Good seats, bad seats, what's the difference? They're all worth the same to me now.
_______________________
Well, I'm about cleaned out for the season didn't I tell you there wasn't a whole lot to carry off? The lucky squirrel pin I wore to that losing playoff game can stay right where it is, way back on the locker's top shelf it's small and inconspicuous enough to go unnoticed, and I doubt anybody will disturb it over the winter. Maybe it'll have more of a positive charge next year, who knows? Though it occurs to me that Yankees fans probably shouldn't have on mascots, rally monkeys, or even a rally squirrel named Scooter helping them win games. Yankees fans, we're supposed to have the Stadium Ghosts on our side, aren't we?

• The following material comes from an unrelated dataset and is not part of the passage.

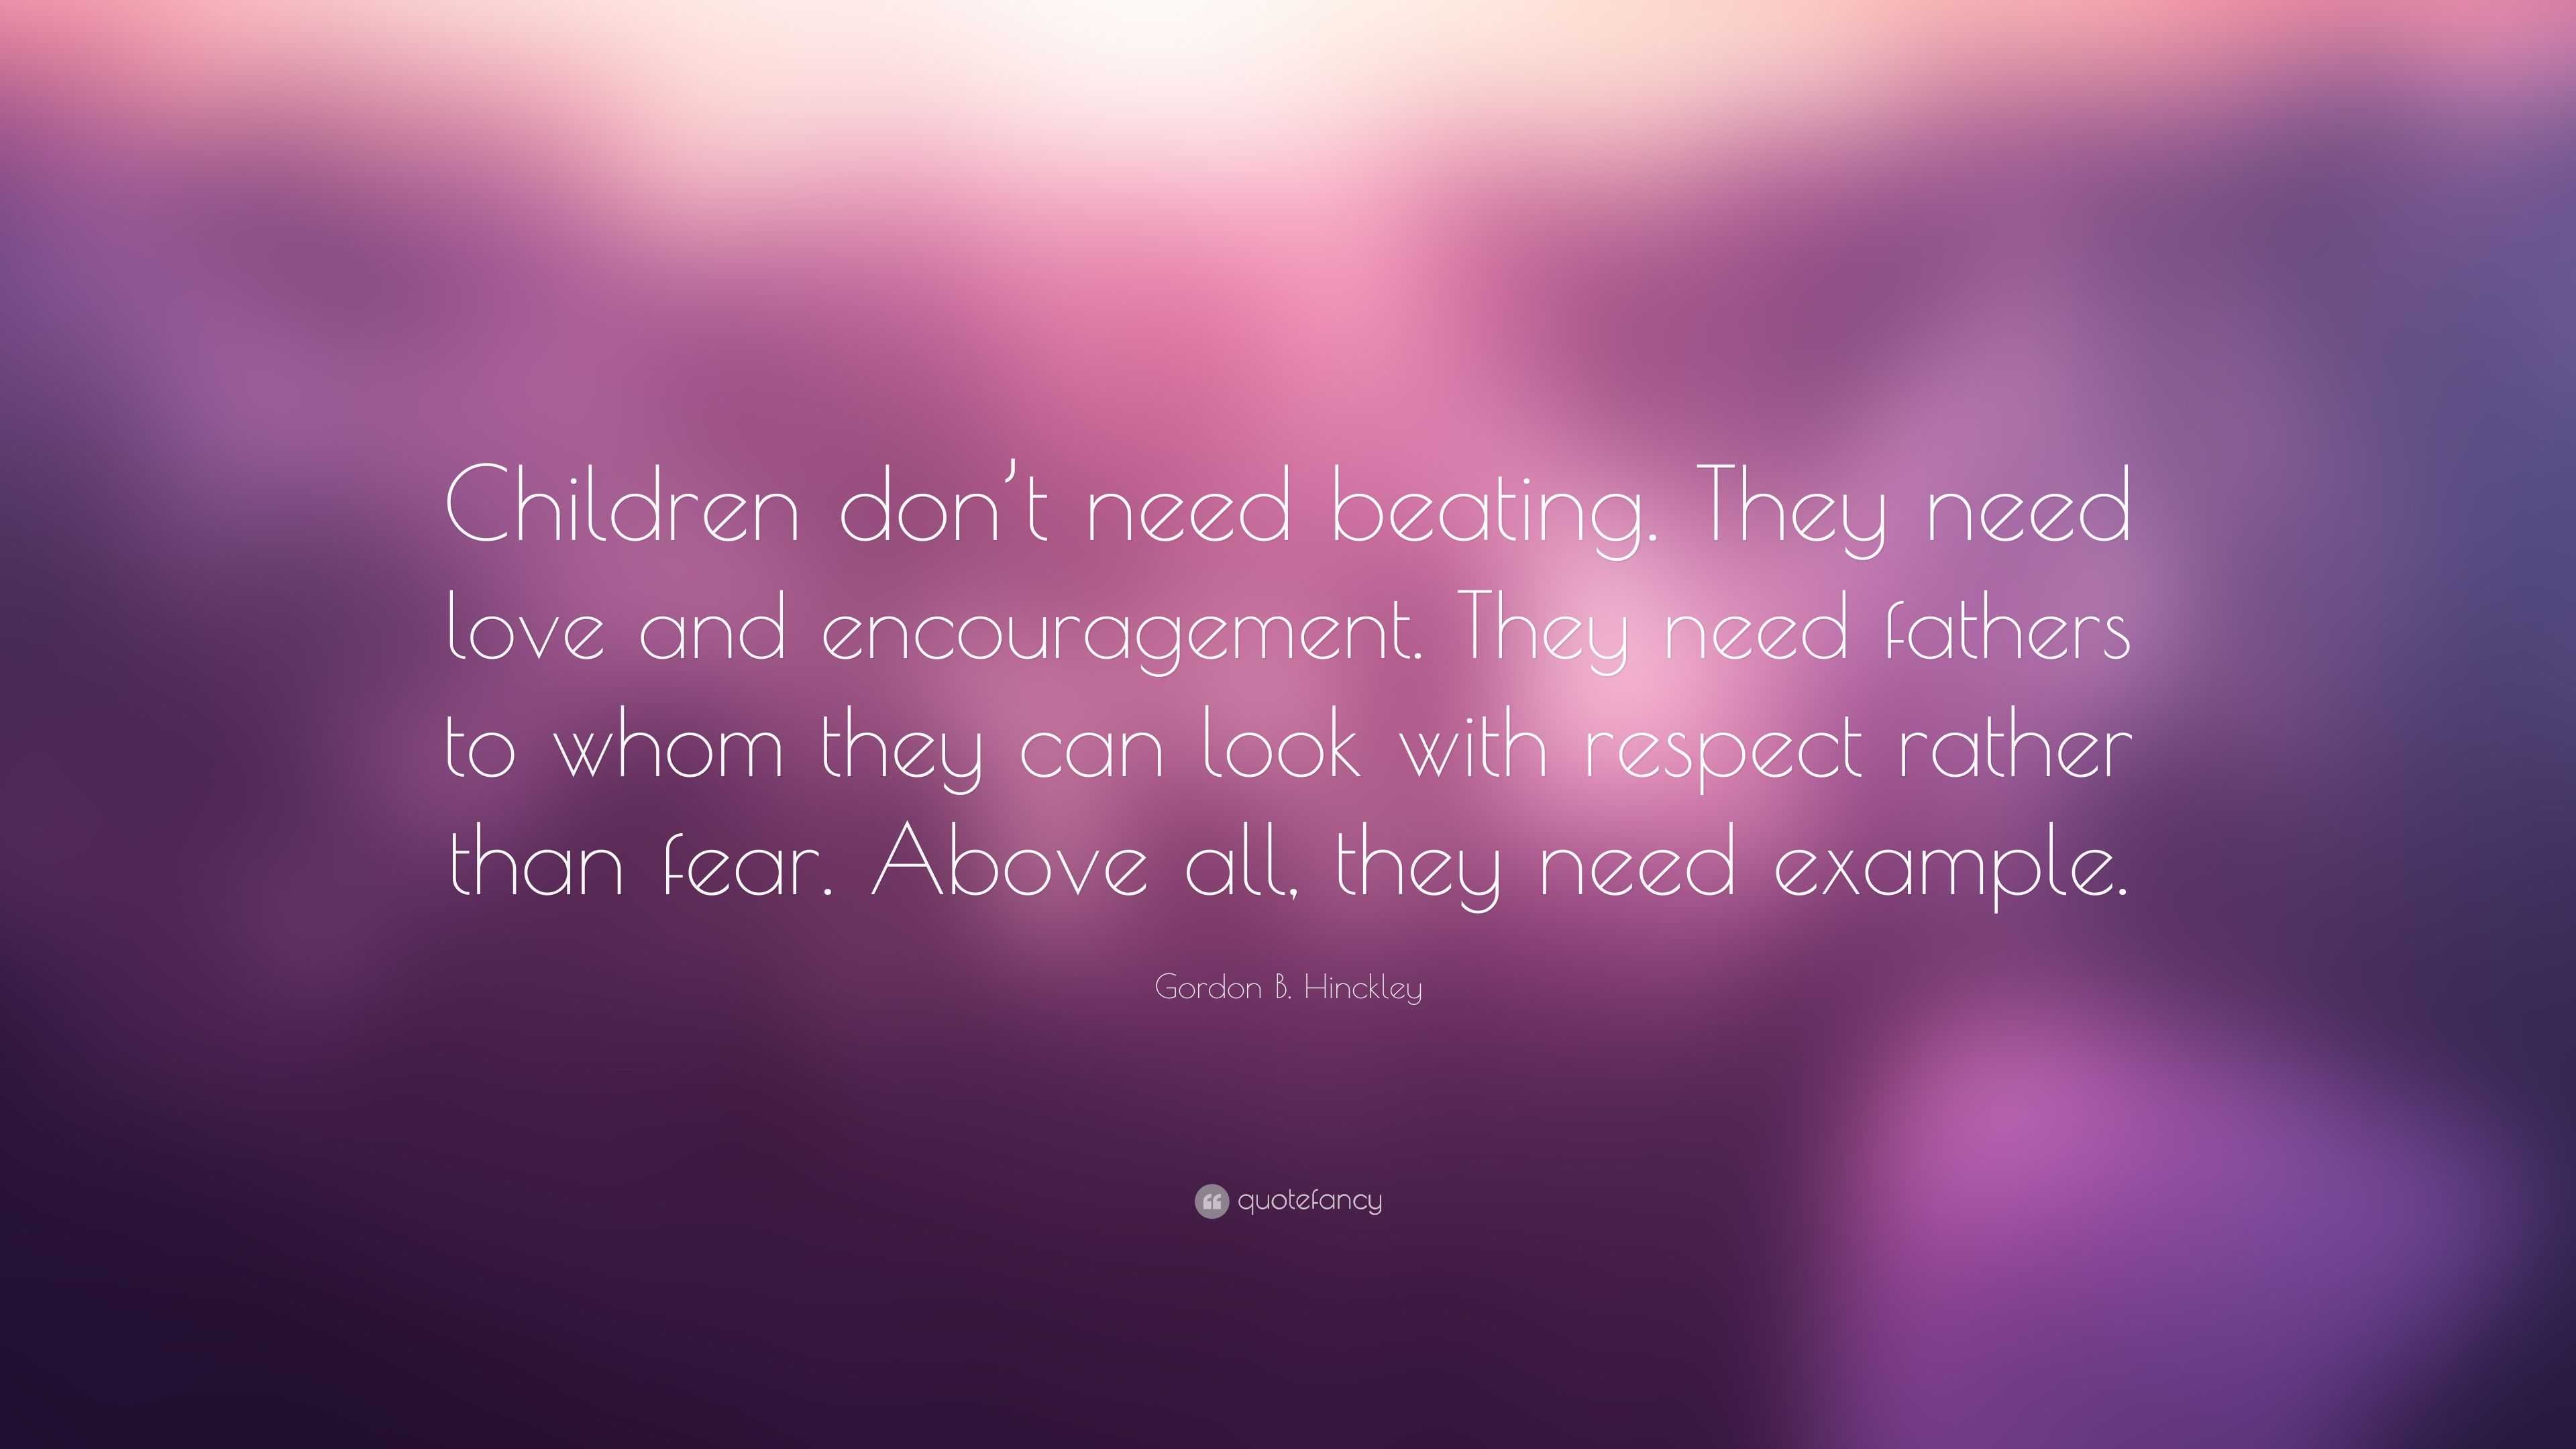 Gordon B Hinckley Quote “Children don t need beating They need

Call me a fool, but I still haven't stopped believing in them.
Okay, here we go. I tape carton's shut, tuck it under my arm, step out of the Deep in the Red clubhouse, and start closing the door behind me before I walk on down the hall.
That's when I notice the signed, framed photo of Joe Torre on the wall right outside the door. It's an image we all have in etched our minds: A teary, very emotional, very human Joe being hoisted up on the shoulders of his team when they won that first World Series back in '96.
My wife gave the photo to me as a birthday present maybe five, six years ago, and I recall exactly why I chose to hang it near the door, where I could see it every time I went through:
For me, it's always been a reminder that if you never stop trying in life, and remain a human being through your mistakes, failures and brushes with adversity and bad luck, sometimes sometimes things work out okay, or better than okay. And when they don't, and you can still look yourself in the mirror and know you've done your best, and are loved and respected by the people you respect . . . hey, that's really not too bad either.
Joe Torre never needed extra incentives to do his best as manager of the Yankees. That was just his normal way. And with those final words, Dear Reader, I take my leave. Season over, door closed behind me, box of assorted junk under my arm . . .
Photo of Torre, Yankee manager, still right up beside my door where it belongs.
Thanks from all of us, Gentleman Joe.